# PROBLEM STATEMENT:
A verbatim transcript of the data below is required, images omitted.

# DATA SECTION:
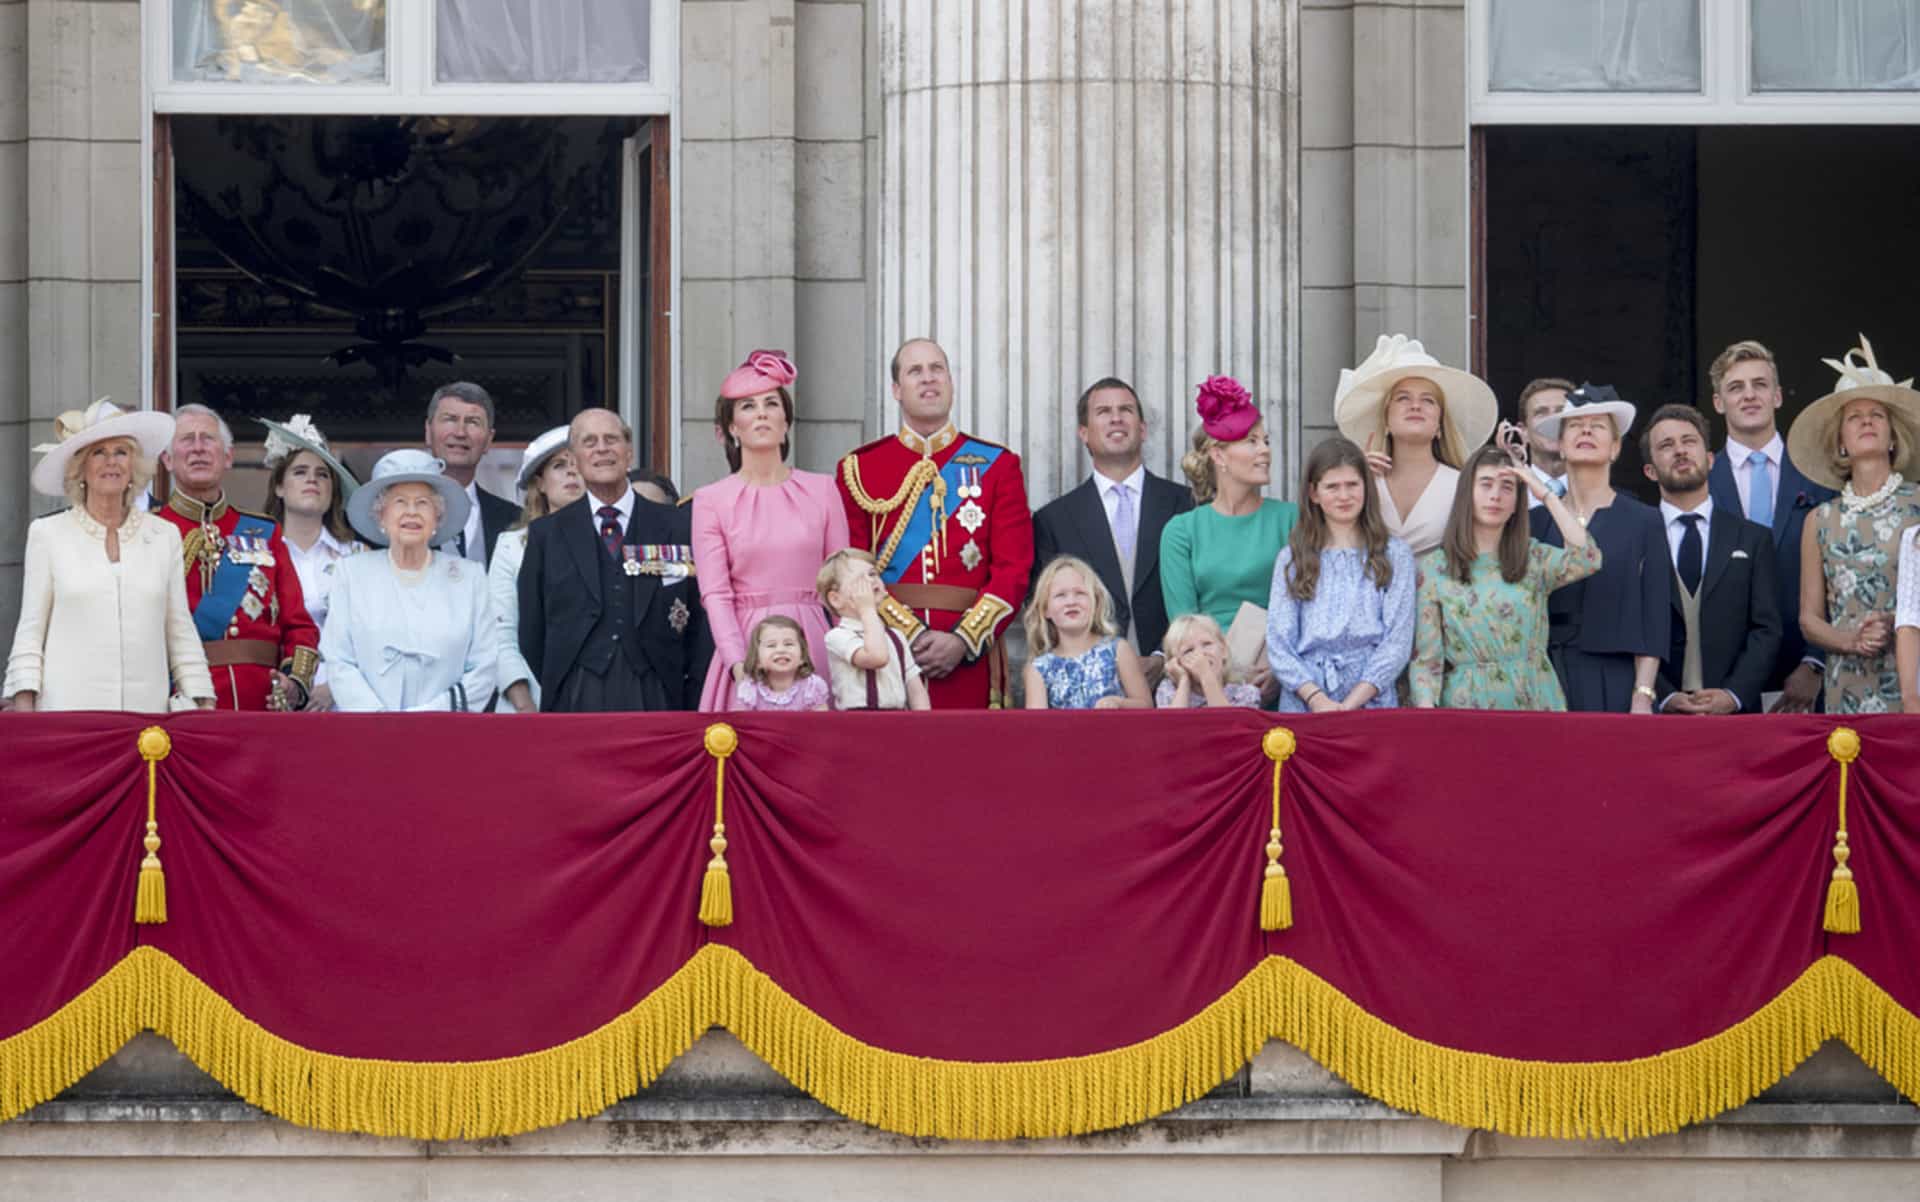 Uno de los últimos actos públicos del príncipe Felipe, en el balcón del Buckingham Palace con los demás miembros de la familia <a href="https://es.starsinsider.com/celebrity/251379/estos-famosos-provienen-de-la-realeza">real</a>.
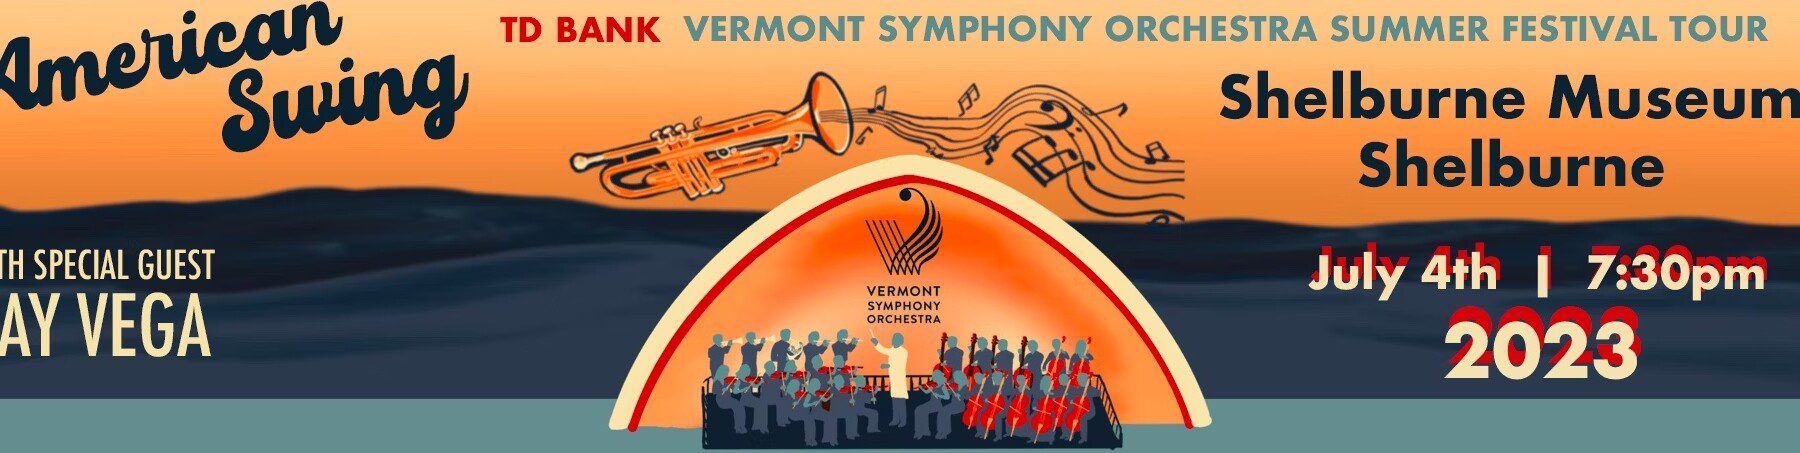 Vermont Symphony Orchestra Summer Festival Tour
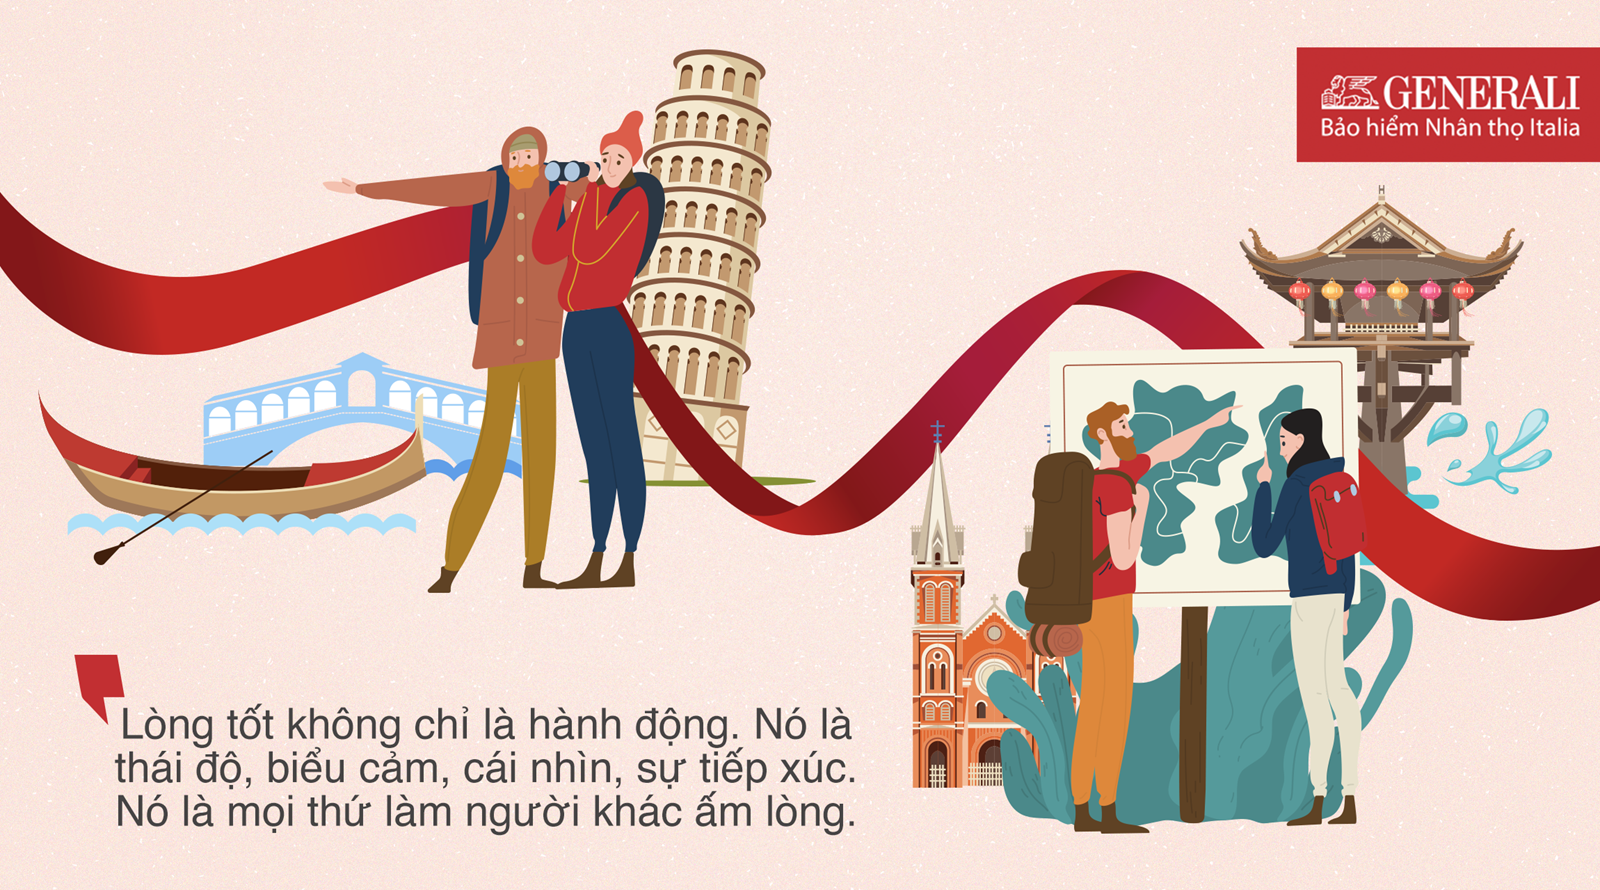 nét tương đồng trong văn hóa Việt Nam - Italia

# REPLY:
 Uno de los últimos actos públicos del príncipe Felipe, en el balcón del Buckingham Palace con los demás miembros de la familia <a href="https://es.starsinsider.com/celebrity/251379/estos-famosos-provienen-de-la-realeza">real</a>.
 Vermont Symphony Orchestra Summer Festival Tour
 nét tương đồng trong văn hóa Việt Nam - Italia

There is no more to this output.